This post is in response to The Finer Nation’s “Ugh–Crappy Modern Quilting” because, really, she makes a good point about the role of quilting and what it does.
I know by now you’ve seen all sorts of modern quilts and the quilting on them. From dense to sparse, quilting itself covers a wide range of styles and techniques. I am only going to briefly talk about my own personal feelings on how much quilting is enough. Quilts and quilting can and do make beautiful objects, but if you want your quilt to be an heirloom, then you have to consider how best to construct it to make that happen.
Quilting stitches do several things:
1) It keeps the batting in place (more on this in a minute)
2) It keeps the fabric from shifting and hanging funny, and
3) provides and important design element
Wherever there is a line of quilting, there will be stress on the fabric as it holds everything in place. How many of us have seen tied quilts where there are gaping holes where the ties have been? Thinking about how the quilting on many modern quilts is often simple and spare and reflective of the large blocks (sometimes 4″ or more apart), that means there are fewer stitches to hold the heavy weight of fabric and batting together. In general, I think it is best to think about keeping your quilting lines really no more than an inch apart. It’s like that game “Light as a Feather, Stiff as a Board”: A bunch of people can use one finger to lift a person on the ground, but fewer people have a much harder time of it. Think about how fewer stitches will have to bear much more weight, and how they’ll do. For this reason, unless you’re making an “arty” quilt (and really, not even then, IMHO), the more a quilt is quilted, and the smaller the stitch length, the better.
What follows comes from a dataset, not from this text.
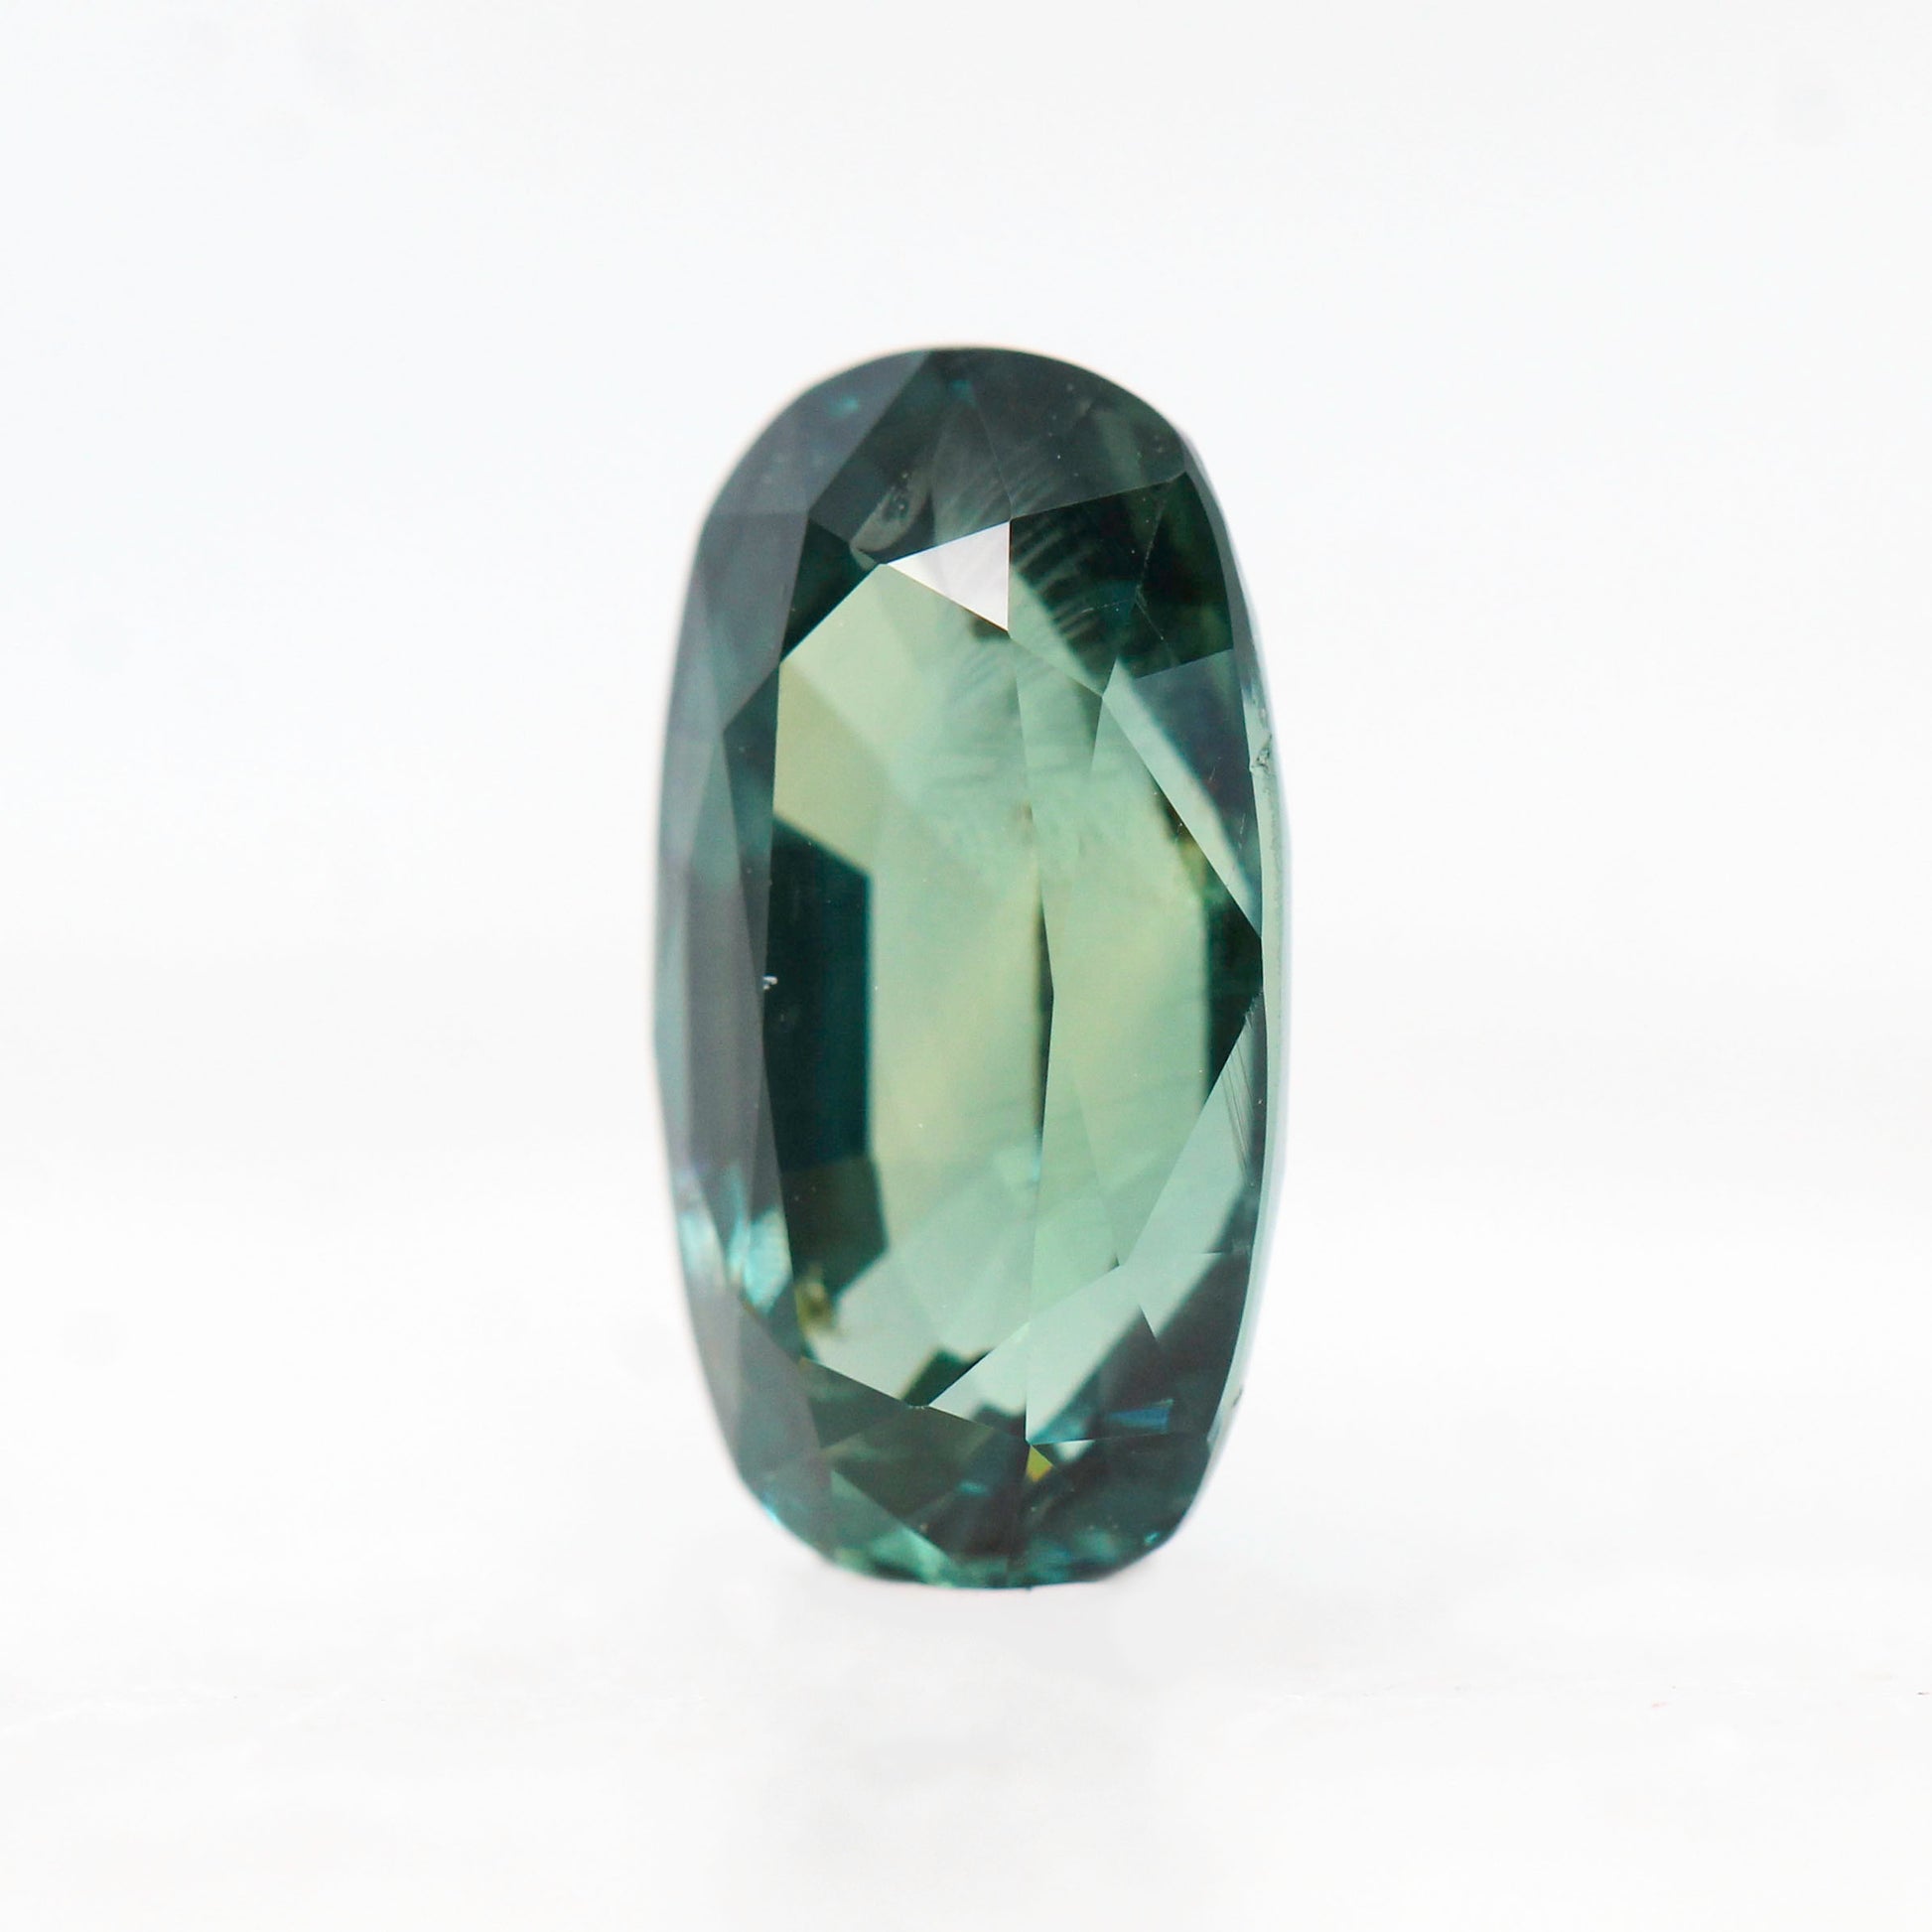 2.80 Carat Teal Elongated Oval Sapphire for Custom Work - Inventory Code TEOS280 - Midwinter Co. Alternative Bridal Rings and Modern Fine Jewelry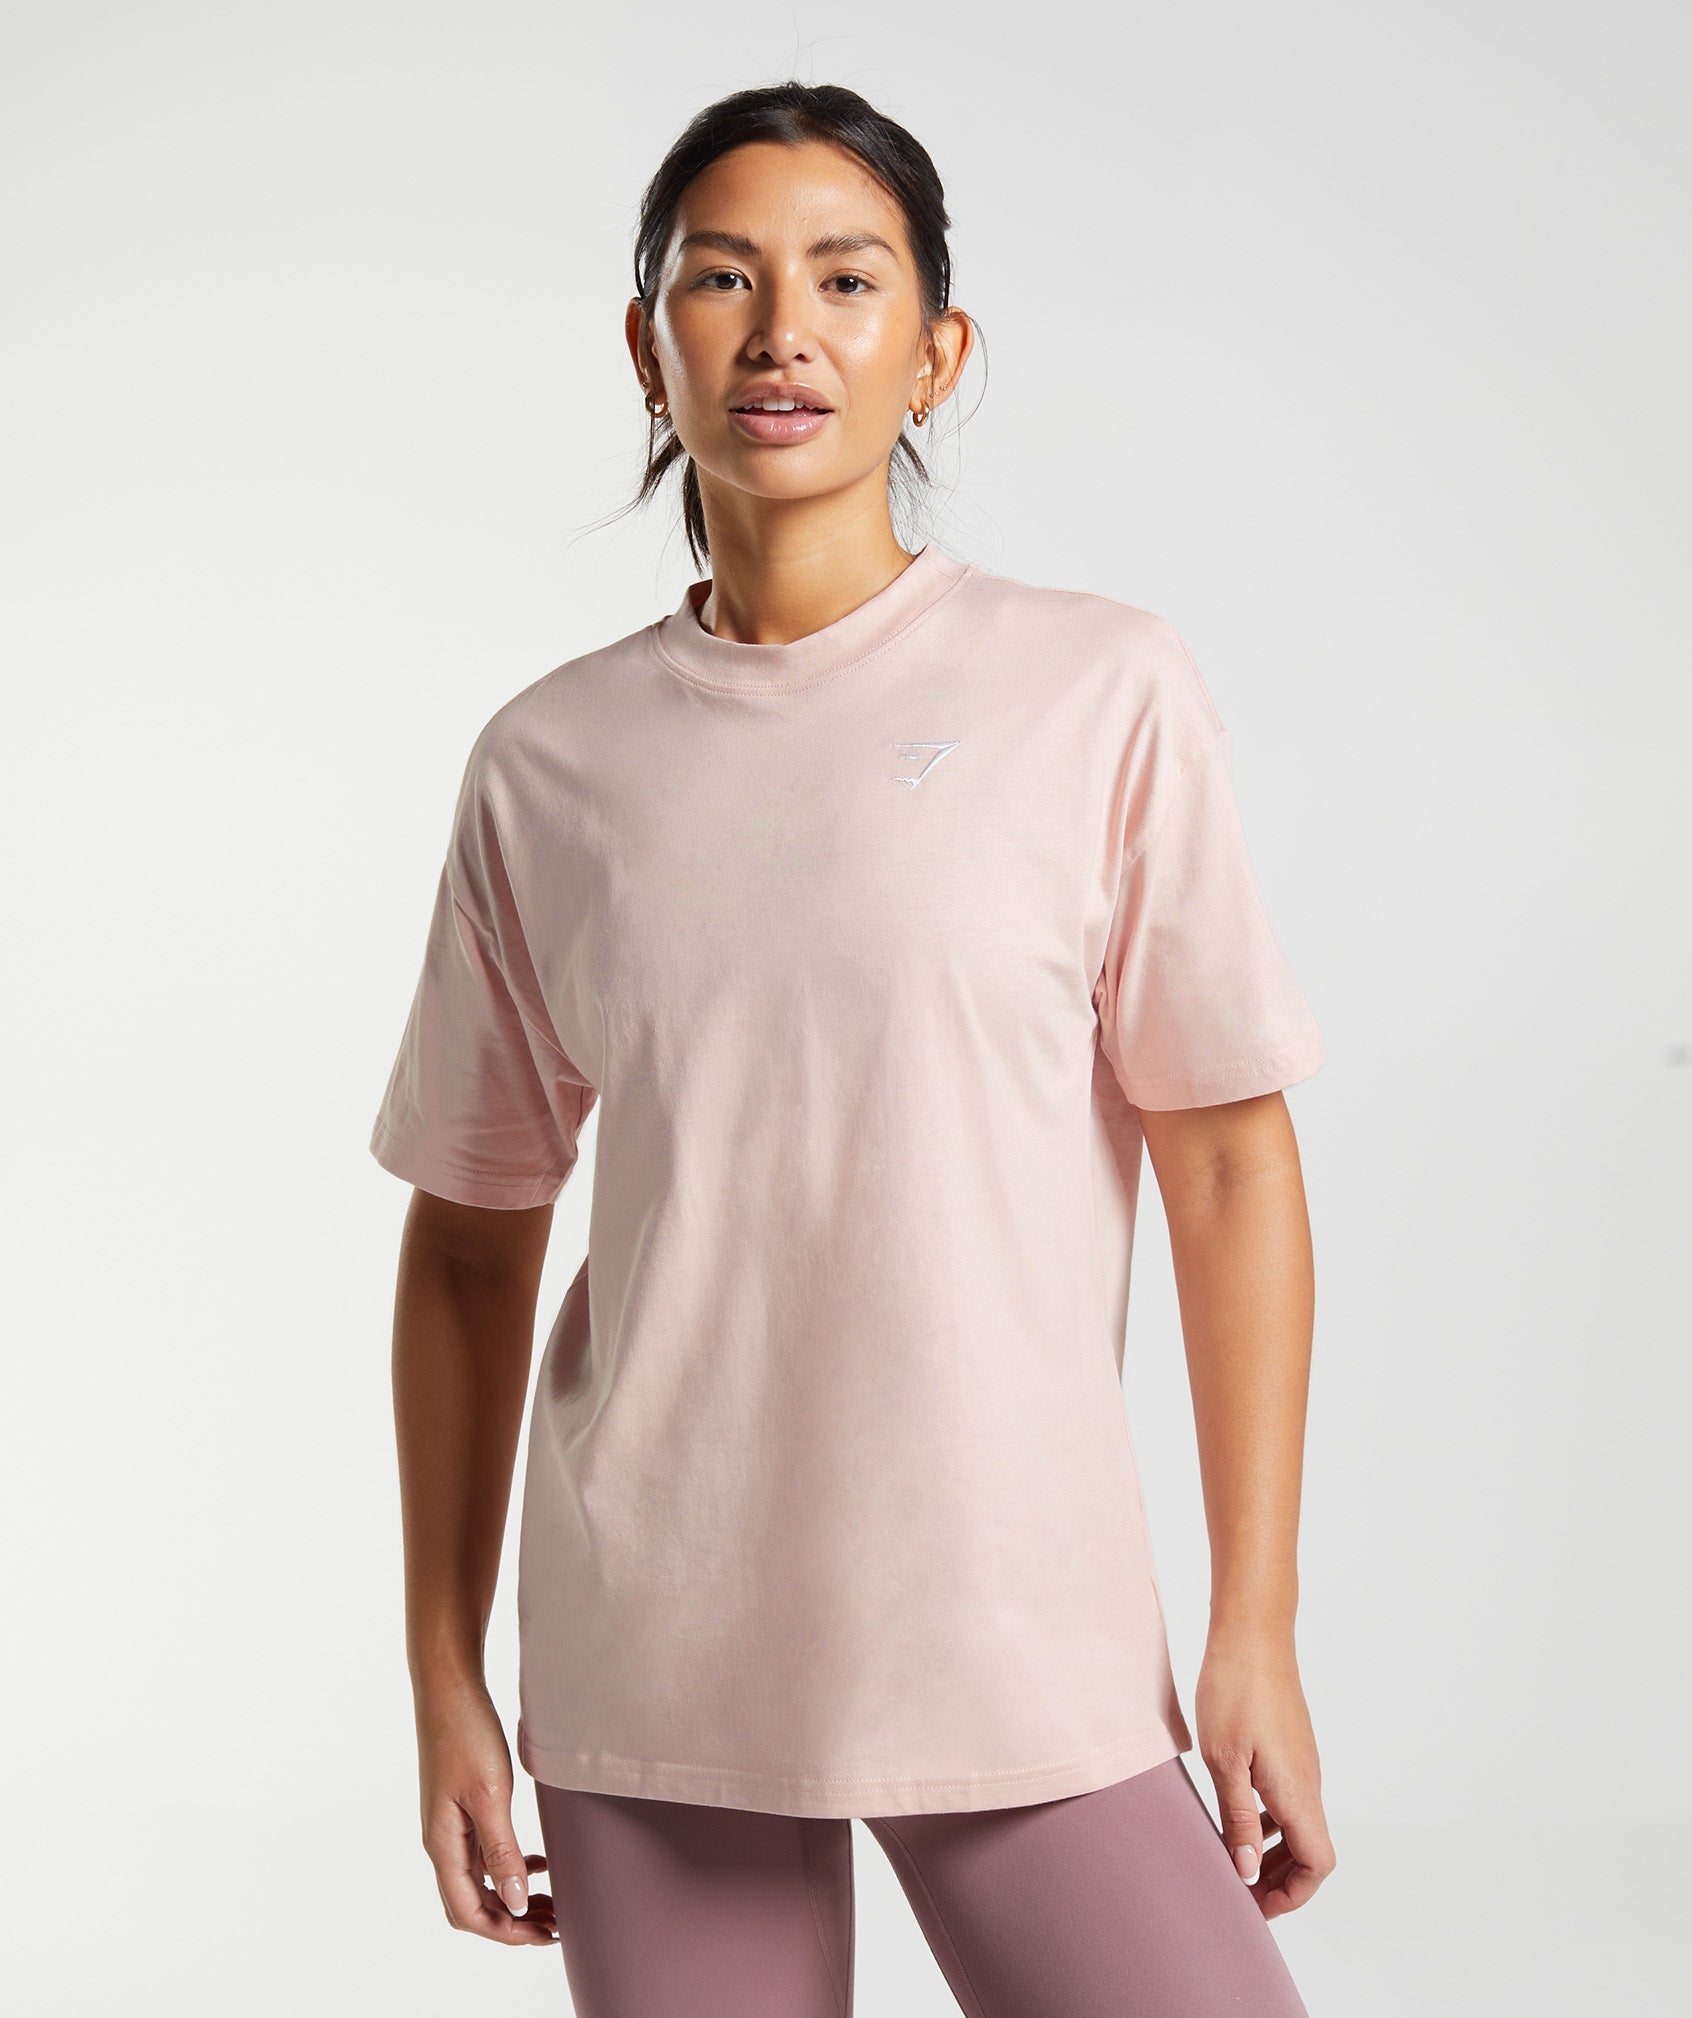 Training Oversized T-Shirt in Misty Pink - view 1

If you’re really making a quilt to be used and washed and dried and dragged around and used and washed and dried and– well, you get the point– then you really have to consider what the quilting is doing for you. Over time, your batting will wash enough times that it’ll become lumpy or perhaps even shred, depending on the brand. That’s not what anyone wants. In the end, it’s up to you, but quilting does have a function in extending the life of your quilt. You can still think of ways to make it look minimalist if that’s what you want, and I would recommend using a 50 weight polyester thread matched to your quilt top. I promise, it will wash up nice and soft after a couple of washes, no matter how densely it’s been quilted. Hope this helps!
I agree with you 100%!
Exactly! And I don’t minimally quilted SMALL quilts.
It’s the larger and bed quilts that upset me. 😉 yours was beautiful 😀
Thanks, Stephanie! I have a few tied quilts from when I was a kid, and needless to say they are a shell of their former selves. Good quilting would have made them last.
Sherri Lynn Wood (@daintytime) says
The quilting is a huge design element. Determining a quilting pattern that adds rather than subtracts to the patchwork pattern of the quilt top is one of the most challenging parts of the design process. It will make or break the overall visual quality of the quilt.